> _DATA TO EXAMINE_
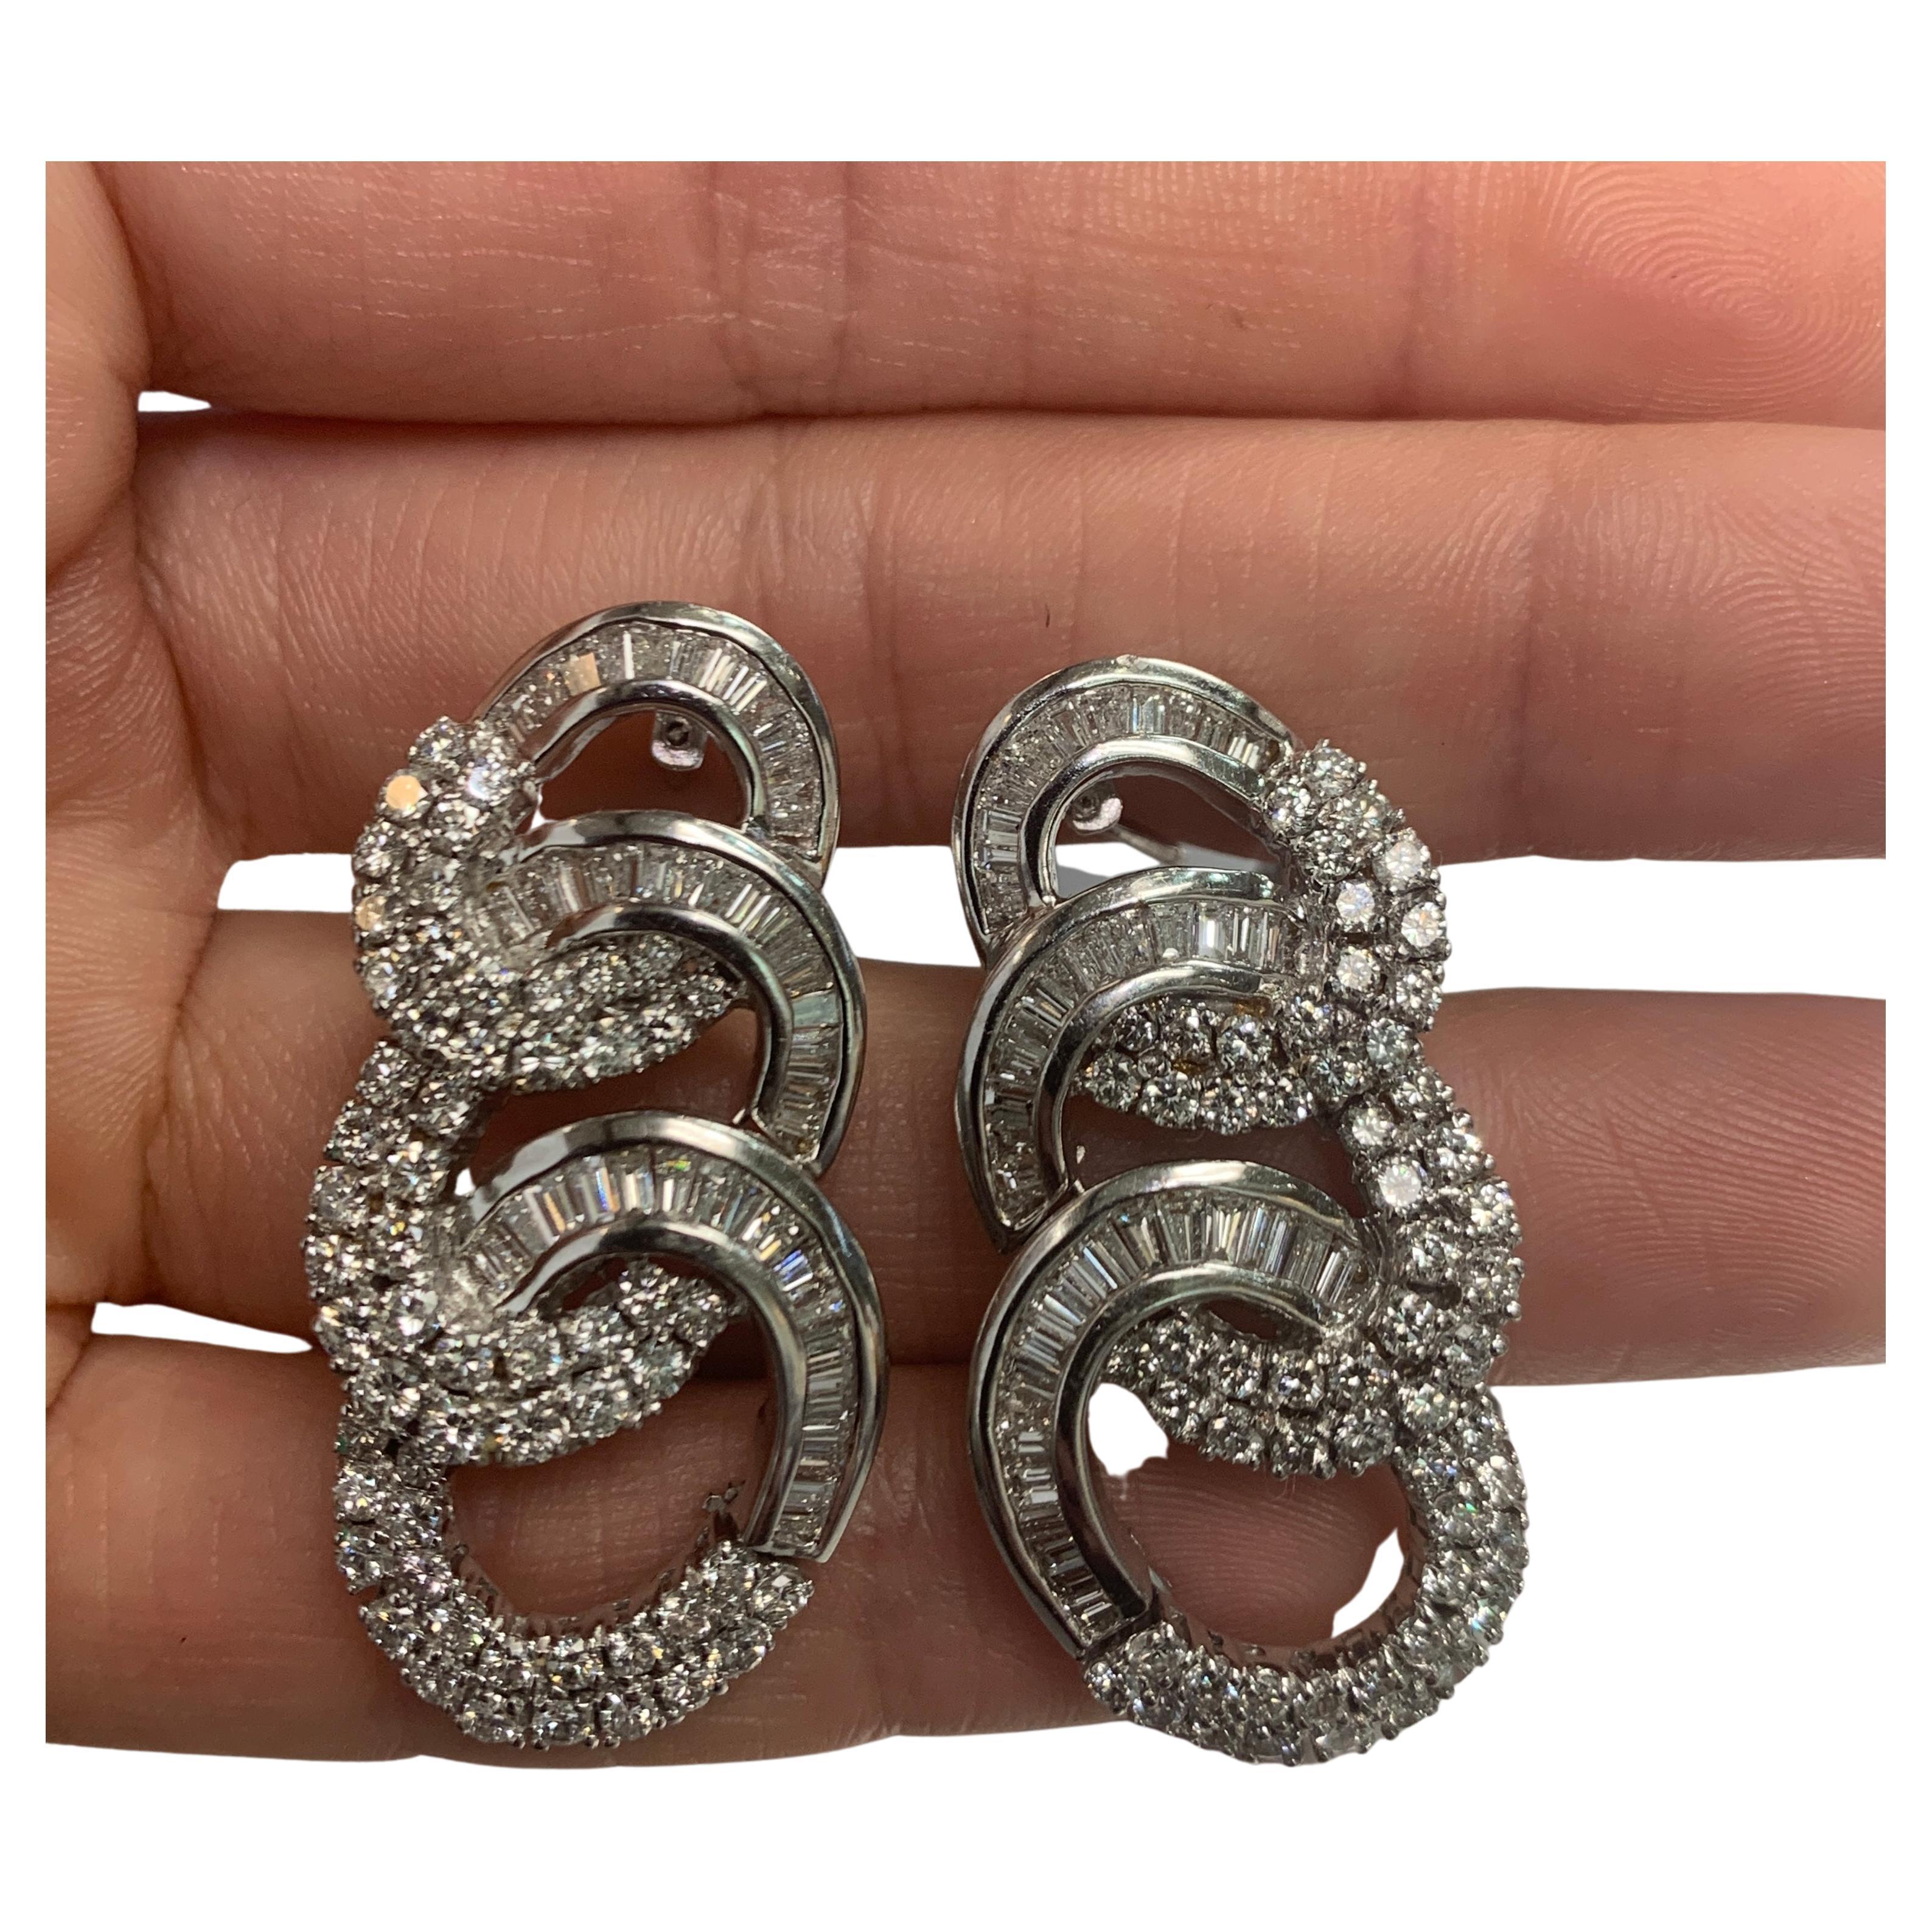 Three Hoop Diamond Earrings

Diamond Weight: approximately 7.00 cts 

Three graduated attached hoops consisting of round & baguette cut diamonds set in 18k white gold 

Back Type: clip on with post 

Measurements: 1.25

> _EXERCISE BRIEF_
Without the pictures, return the records above exactly as written.

> _EXERCISE ANSWER_
 Three Hoop Diamond Earrings

Diamond Weight: approximately 7.00 cts 

Three graduated attached hoops consisting of round & baguette cut diamonds set in 18k white gold 

Back Type: clip on with post 

Measurements: 1.25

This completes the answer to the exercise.